§ Task instructions
Reproduce exactly the line with "Scary Blood by Artdream Kimono Robe" and every line that follows it below, up to and including the last one. Do not include pictures or anything else.
** Provided material follows **
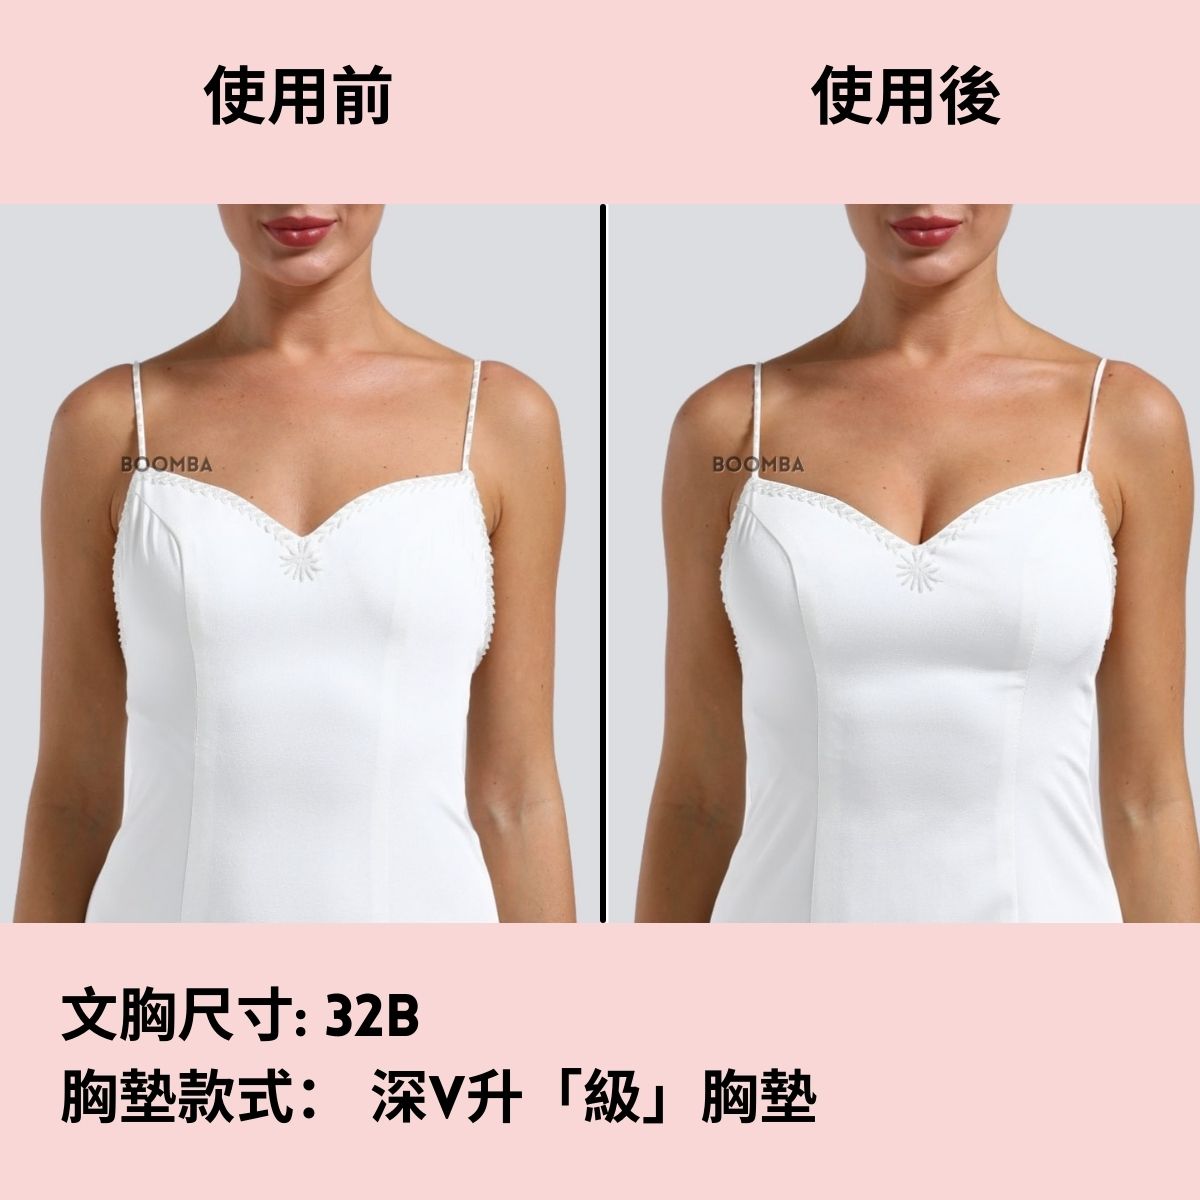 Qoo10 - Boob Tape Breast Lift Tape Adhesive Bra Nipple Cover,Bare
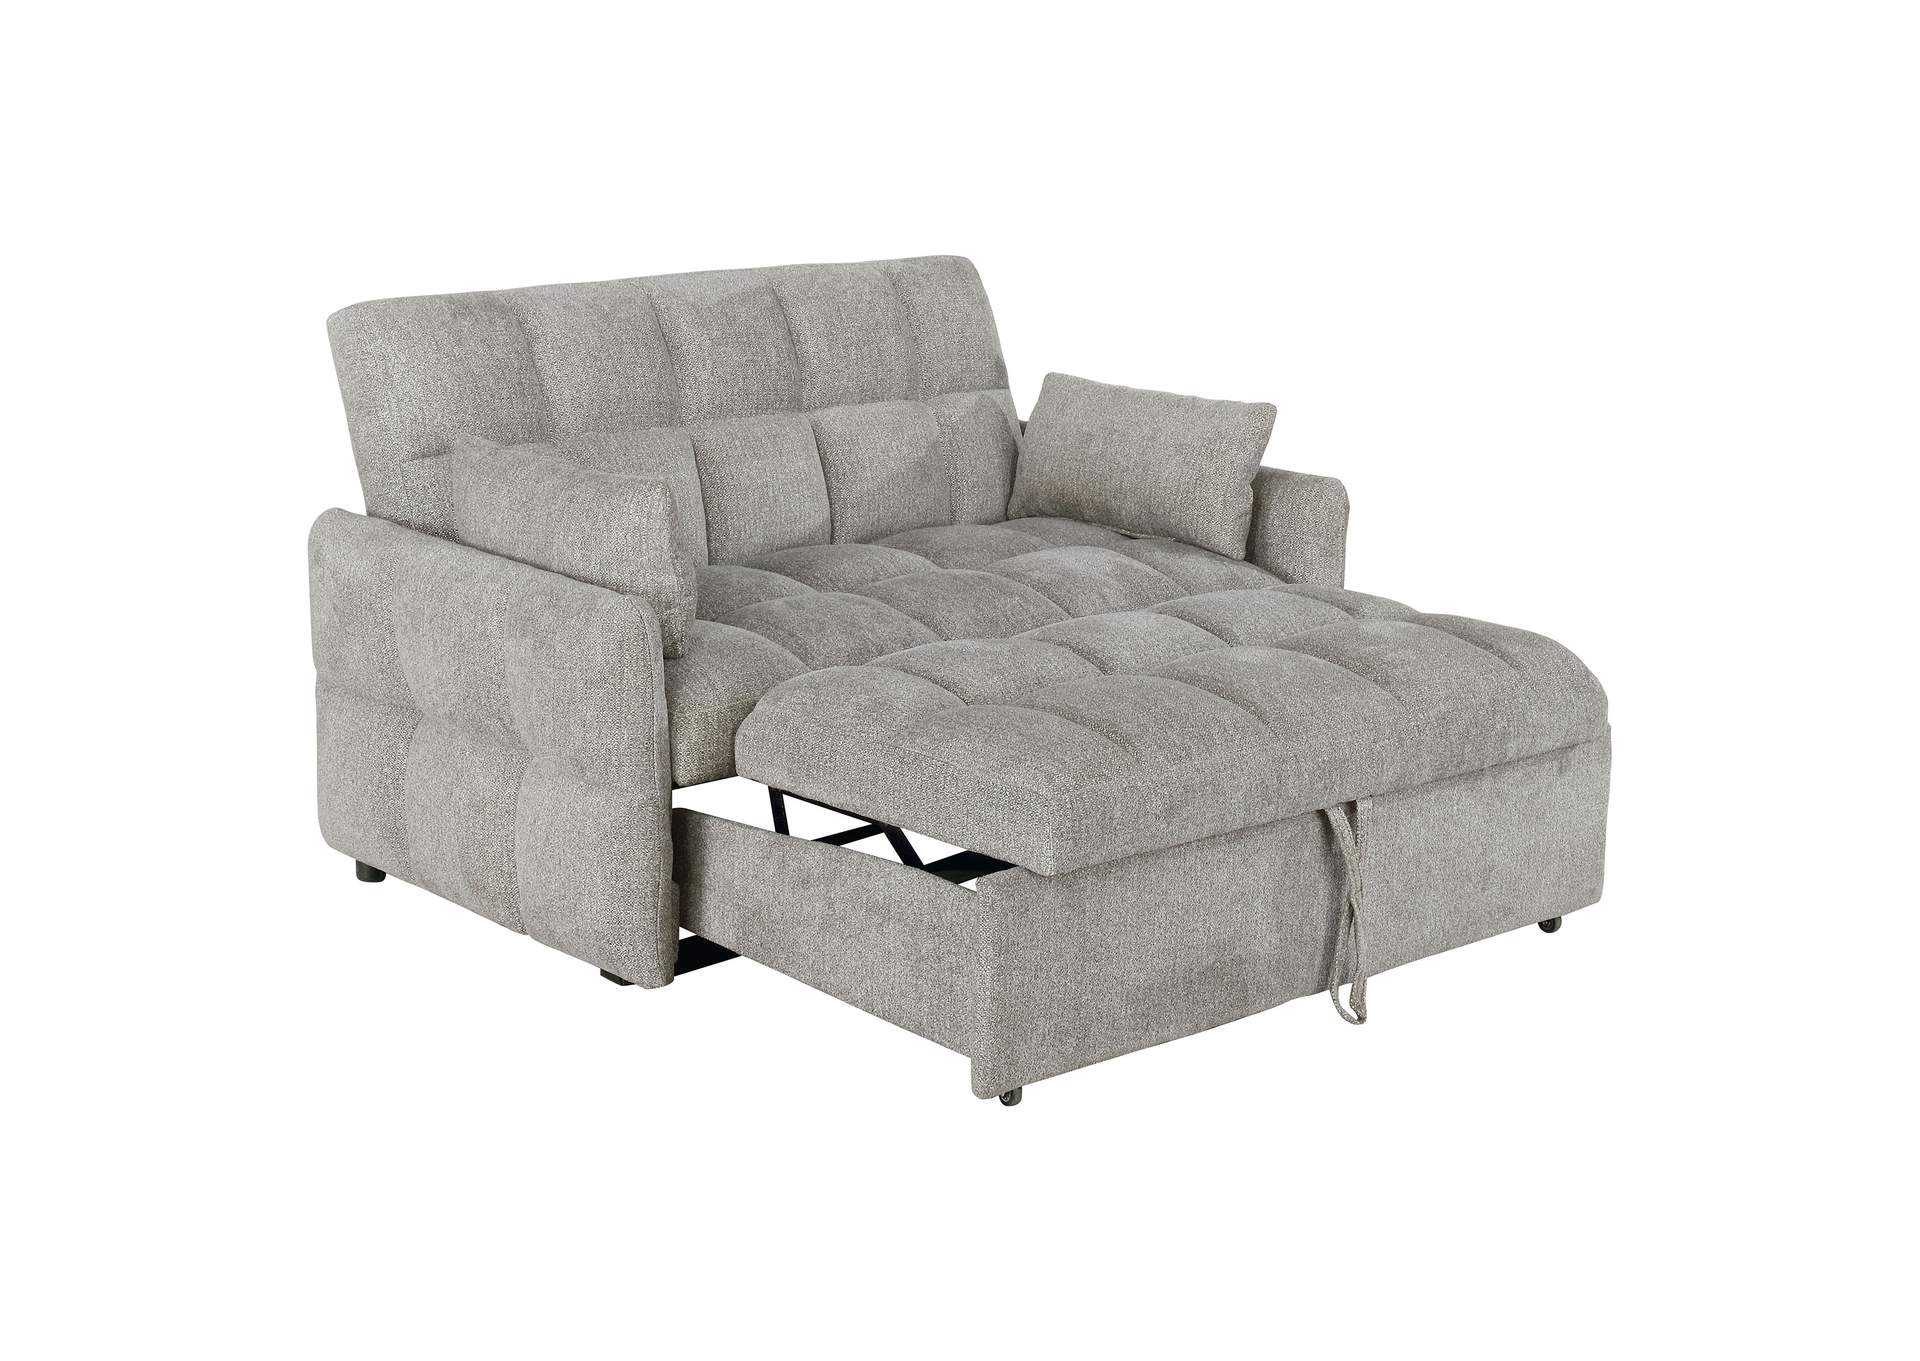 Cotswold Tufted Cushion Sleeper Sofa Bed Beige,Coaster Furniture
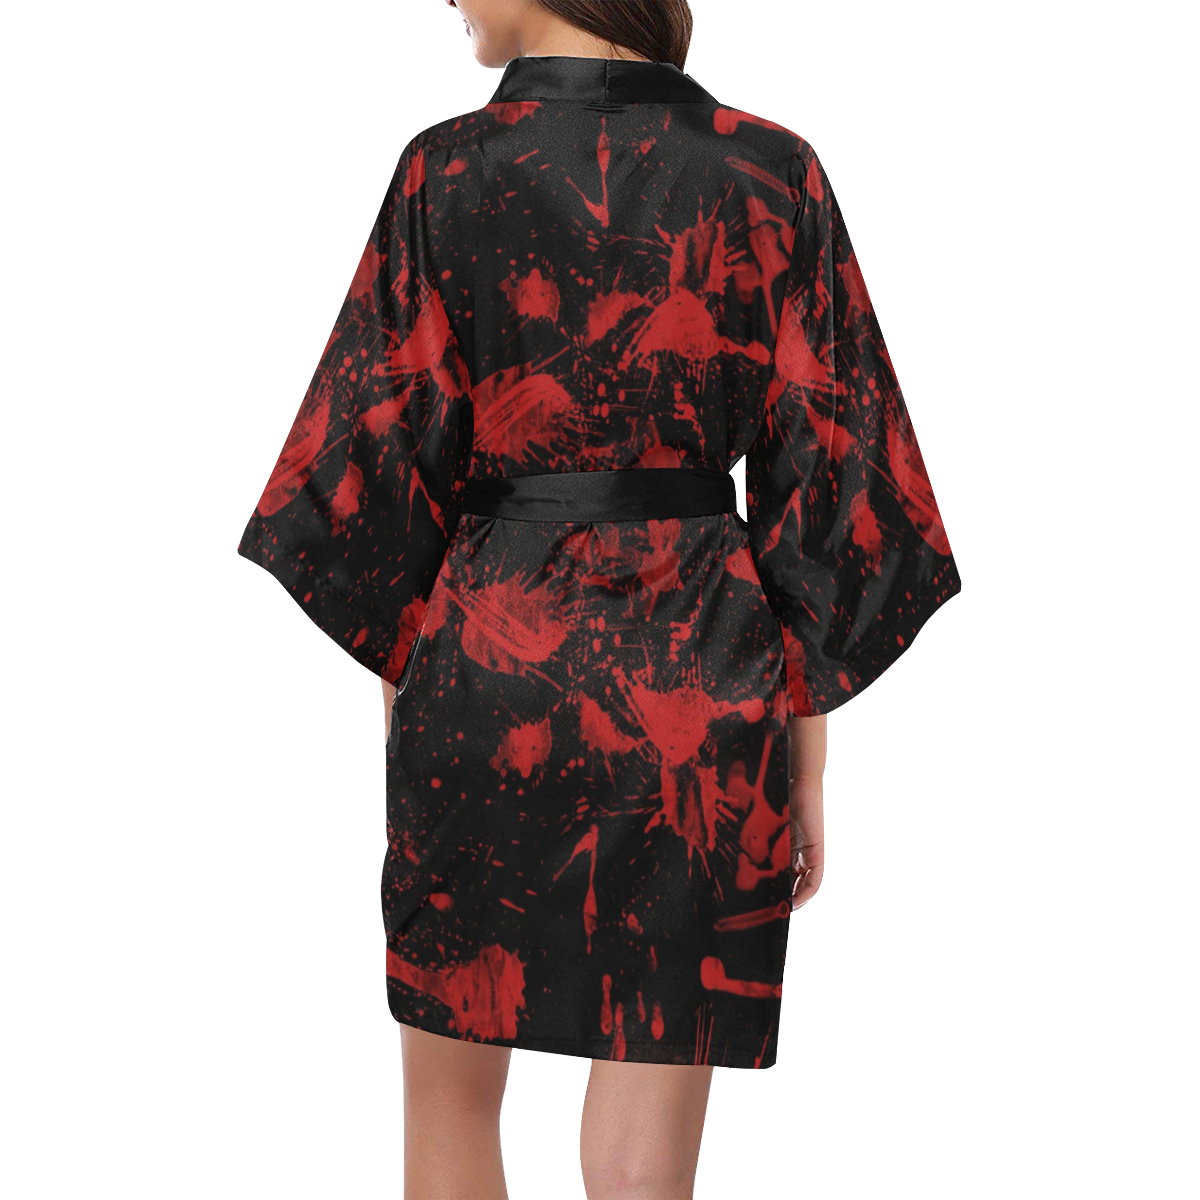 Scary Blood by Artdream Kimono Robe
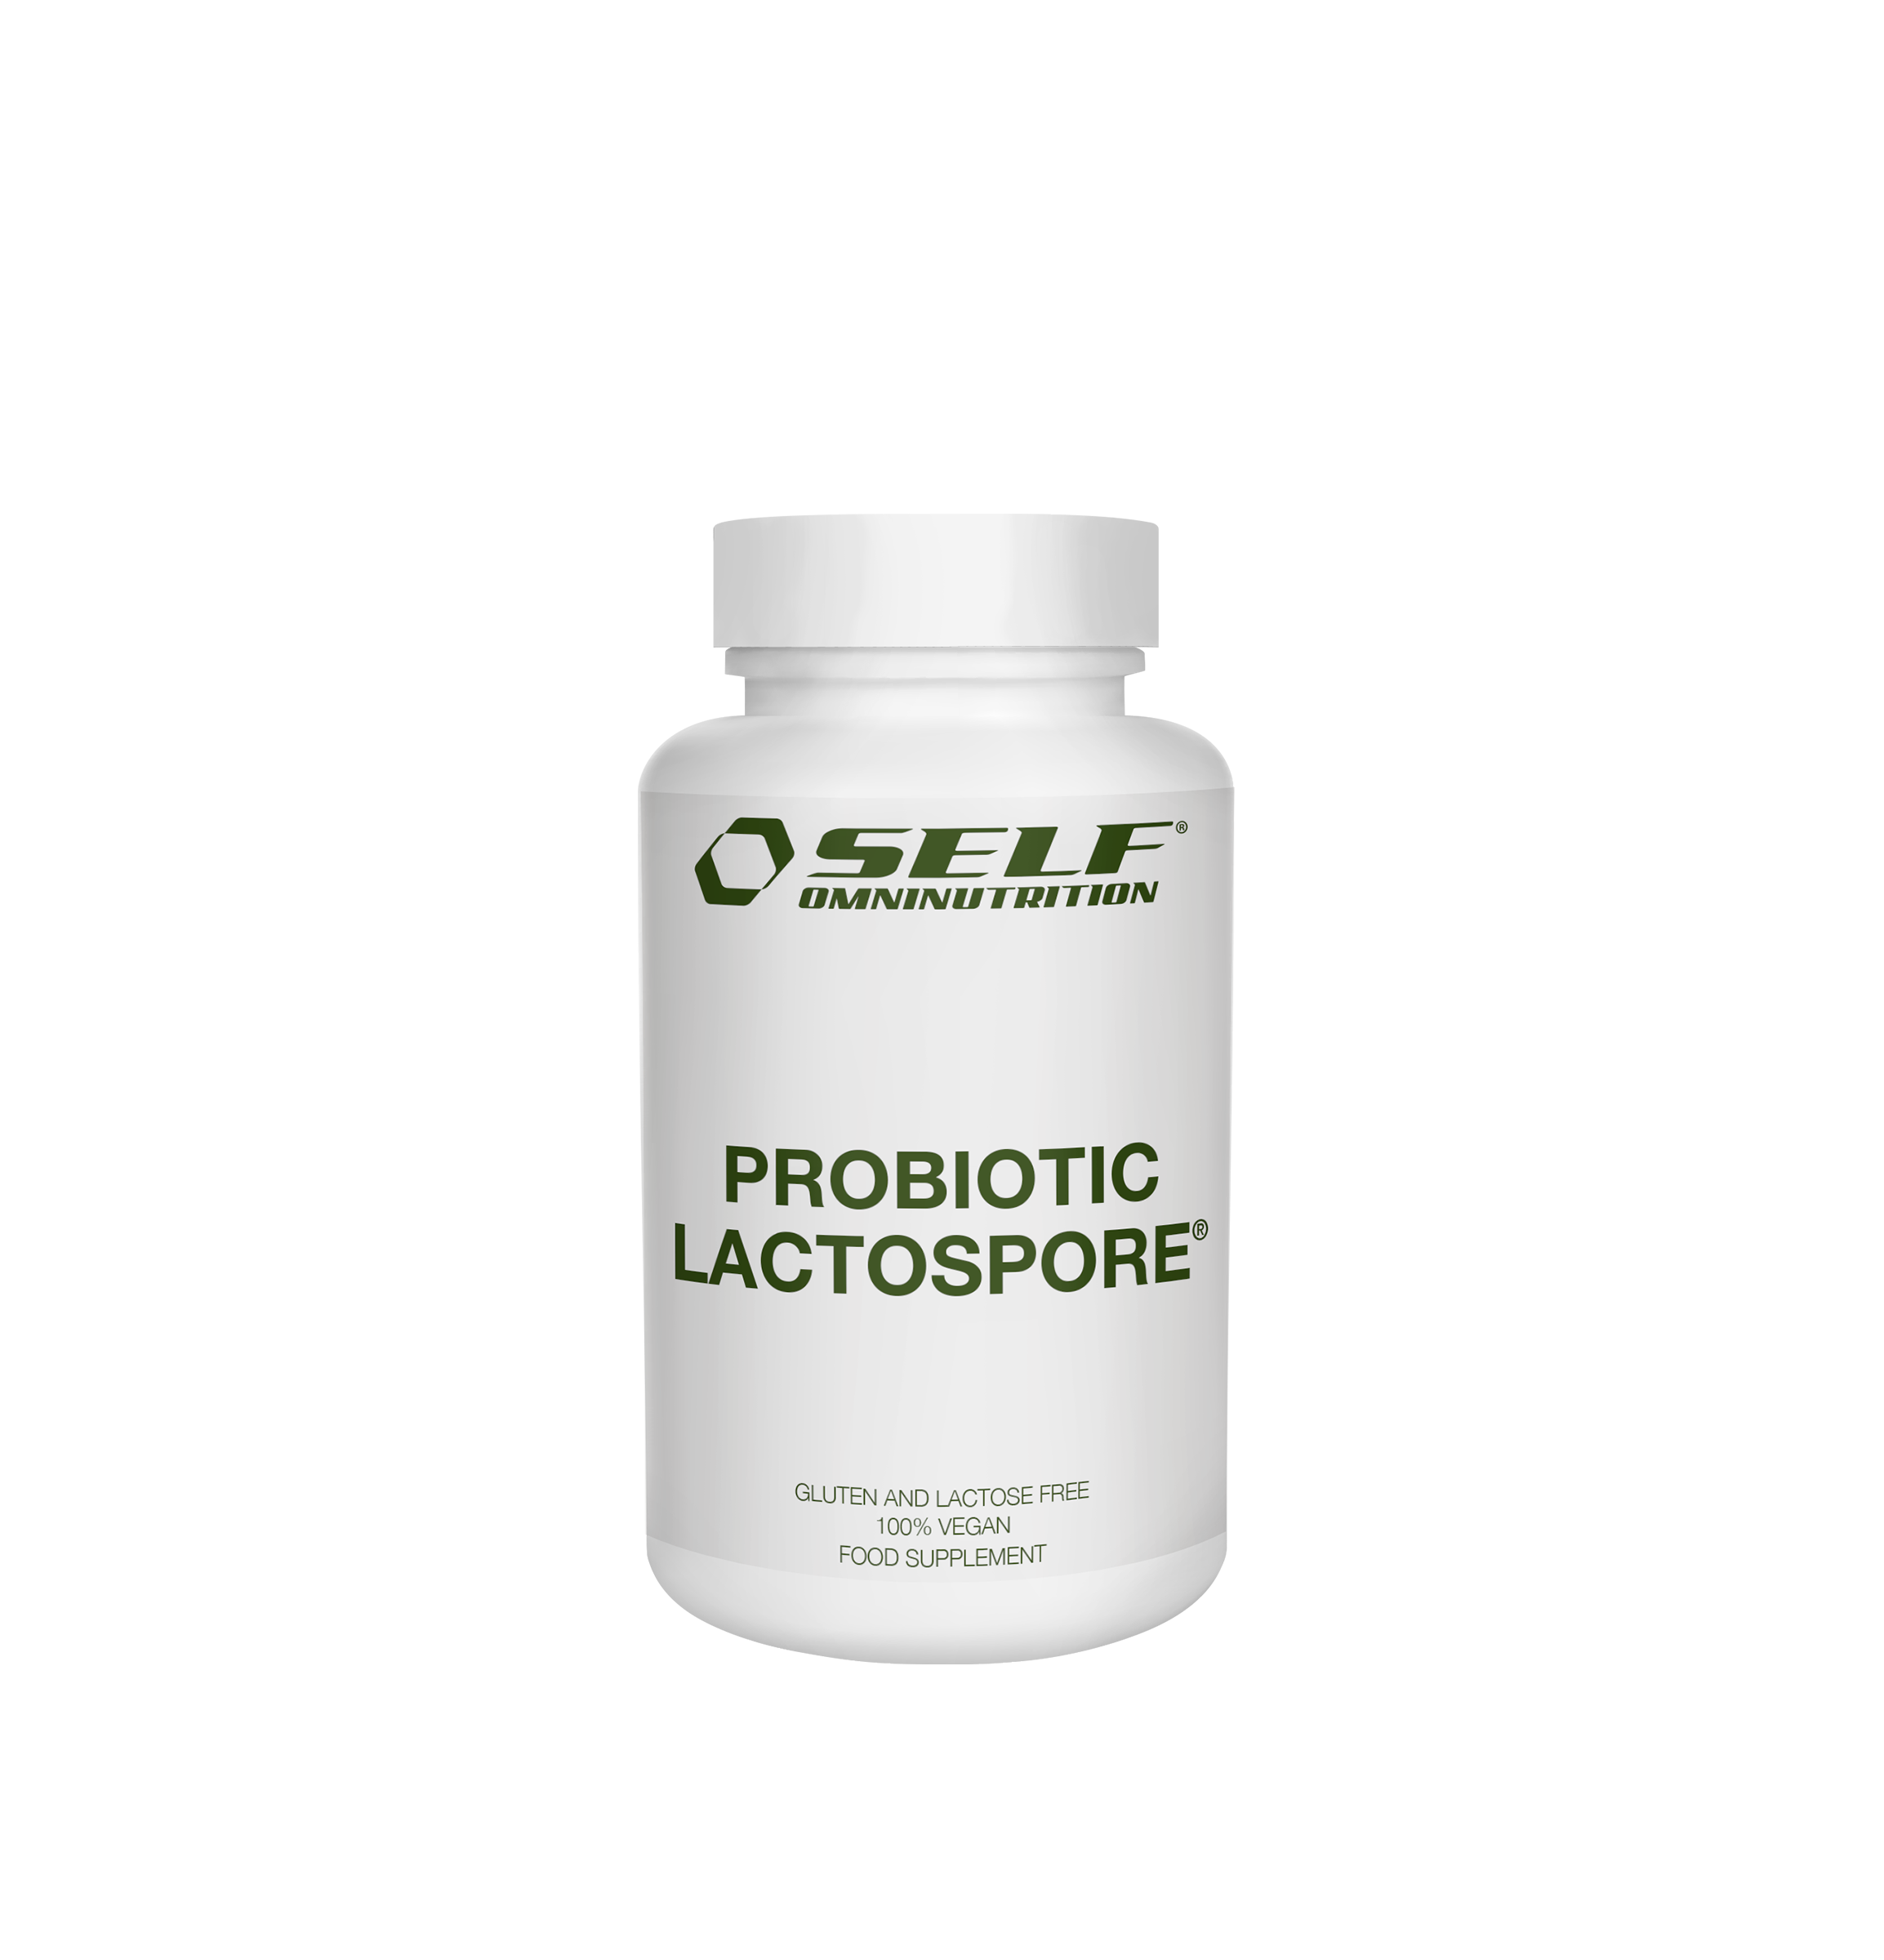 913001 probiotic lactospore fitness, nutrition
** End of Provided material **
§ Expected output
 Scary Blood by Artdream Kimono Robe
 913001 probiotic lactospore fitness, nutrition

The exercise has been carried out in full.